Some time during May, Autocade exceeded 13 million page views. I can’t tell you the exact day, since it wasn’t a milestone that we’re socialized into noticing: I just happened across it one evening last week. It’s currently on 3,665 model entries, the latest being the Porsche 944. Admittedly, we haven’t added the premium brands as quickly as some mainstream ones.
   Since I’ve kept a log of this since the site’s inception (for reasons unknown to me now!), here’s how the traffic has progressed:

March 2008: launch
April 2011: 1,000,000 (three years for first million)
March 2012: 2,000,000 (11 months for second million)
May 2013: 3,000,000 (14 months for third million)
January 2014: 4,000,000 (eight months for fourth million)
September 2014: 5,000,000 (eight months for fifth million)
May 2015: 6,000,000 (eight months for sixth million)
October 2015: 7,000,000 (five months for seventh million)
March 2016: 8,000,000 (five months for eighth million)
August 2016: 9,000,000 (five months for ninth million)
February 2017: 10,000,000 (six months for tenth million)
June 2017: 11,000,000 (four months for eleventh million)
January 2018: 12,000,000 (seven months for twelfth million)
May 2018: 13,000,000 (four months for thirteenth million)

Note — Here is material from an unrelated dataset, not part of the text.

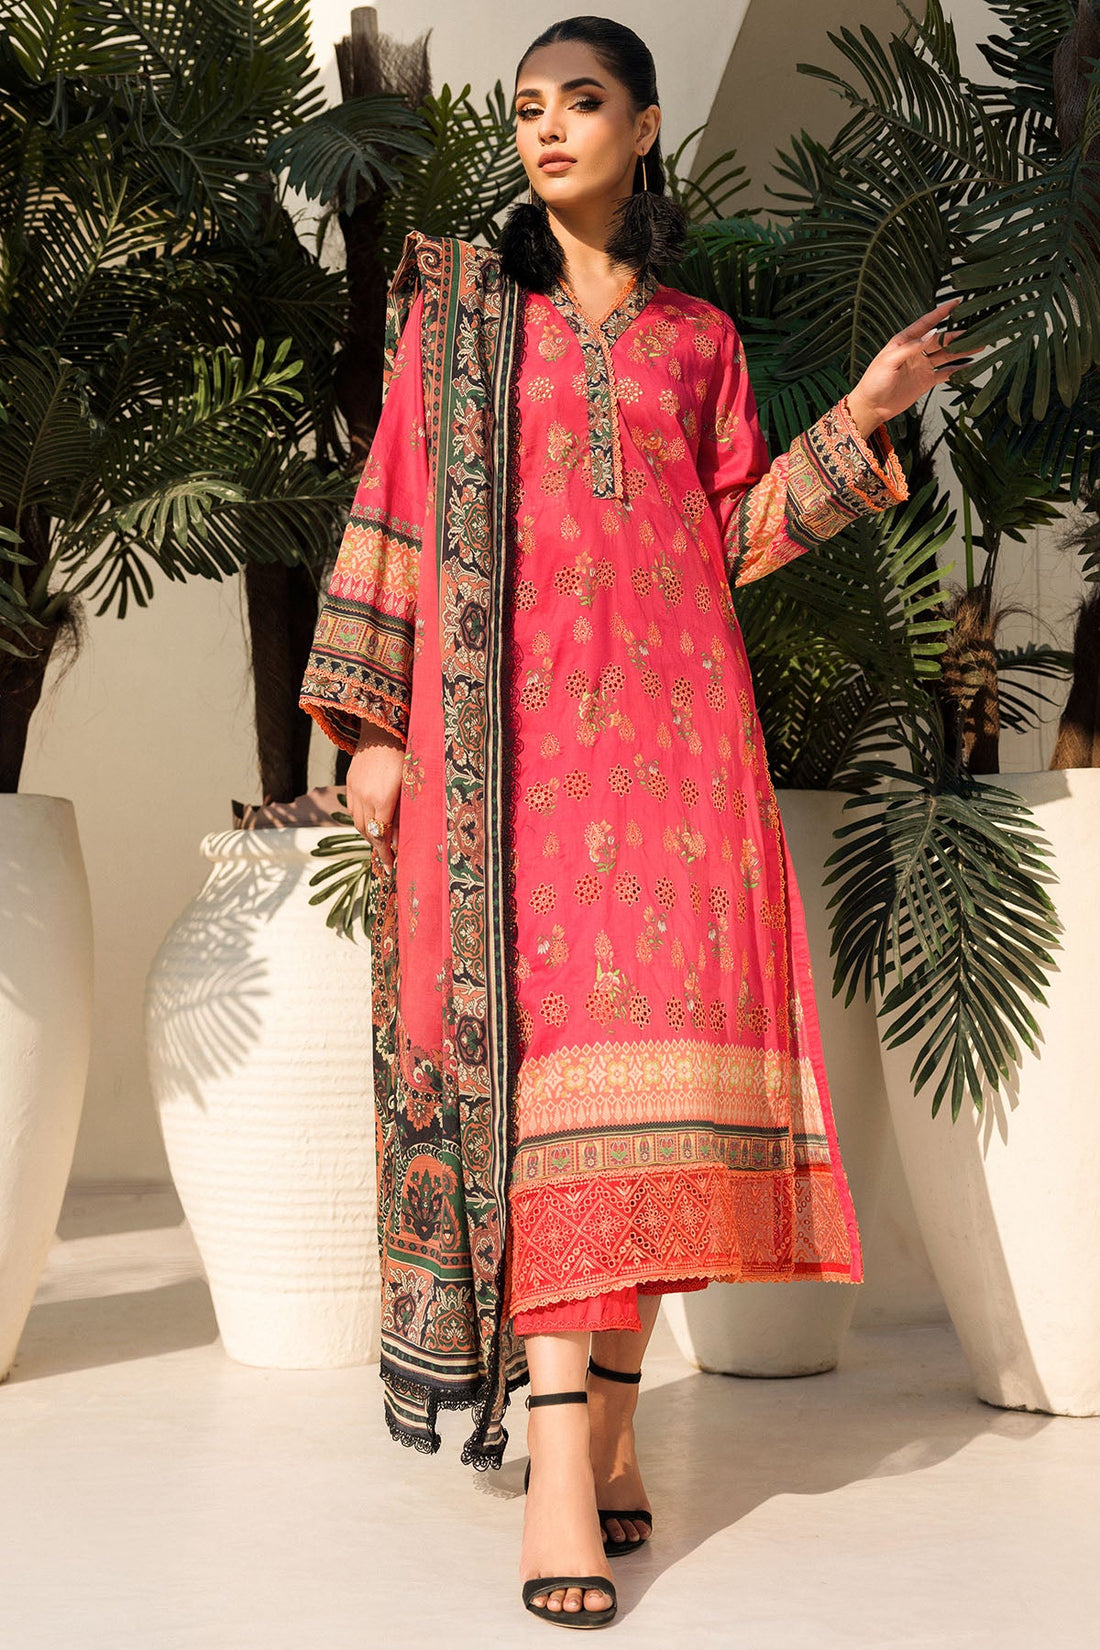 Motifz | Umang Luxury Lawn | A-11 - Khanumjan  Pakistani Clothes and Designer Dresses in UK, USA

   In other words, it has had more visitors in the last four months than in the same period prior to that. If the June 2017–January 2018 period was anomalous, then we could say that Autocade is getting progressively more traffic.

Incidentally, Nissan, in both Australia and New Zealand, stopped selling passenger cars (apart from the 370Z and GT-R) last year, but it was only recently I came across their explanation. I had thought it was supply and demand, that people were heading into trucks, crossovers and SUVs more, but the official explanation is that Nissan knew about new Euro 5b emissions’ regulations and couldn’t be arsed to meet them.
   There are some supply and demand issues here: Nissan claims they were small volume, and the Pulsar ‘was mostly sold directly as a rental.’
   Still, to turn away even the rental market and hand it over to someone else doesn’t make sense, especially as a well understood rule in marketing is that it costs a lot more to get a new client than it does to retain an existing one.
   There’s no way Nissan didn’t know of this impending change, and it’s a shame it has exited a sector which it once sold very well in (remember the Sunny, or Datsun 120Y, of the 1970s?). With Renault New Zealand even more patchy in passenger-car sales, Renault Nissan Mitsubishi could find itself with a very small footprint here with passenger cars, especially as petrol prices hit their highest level yet. I’ve seen one sign where 95 octane is going for above NZ$2·40 per litre, and I paid a few cents shy of that last week.
   There are Qashqais and X-trails everywhere here, and maybe the group is perfectly happy with the economies it gets with those models’ Renault Mégane IV platform. And we’re not exactly a massive market.
   It just seems a bit short-sighted to me.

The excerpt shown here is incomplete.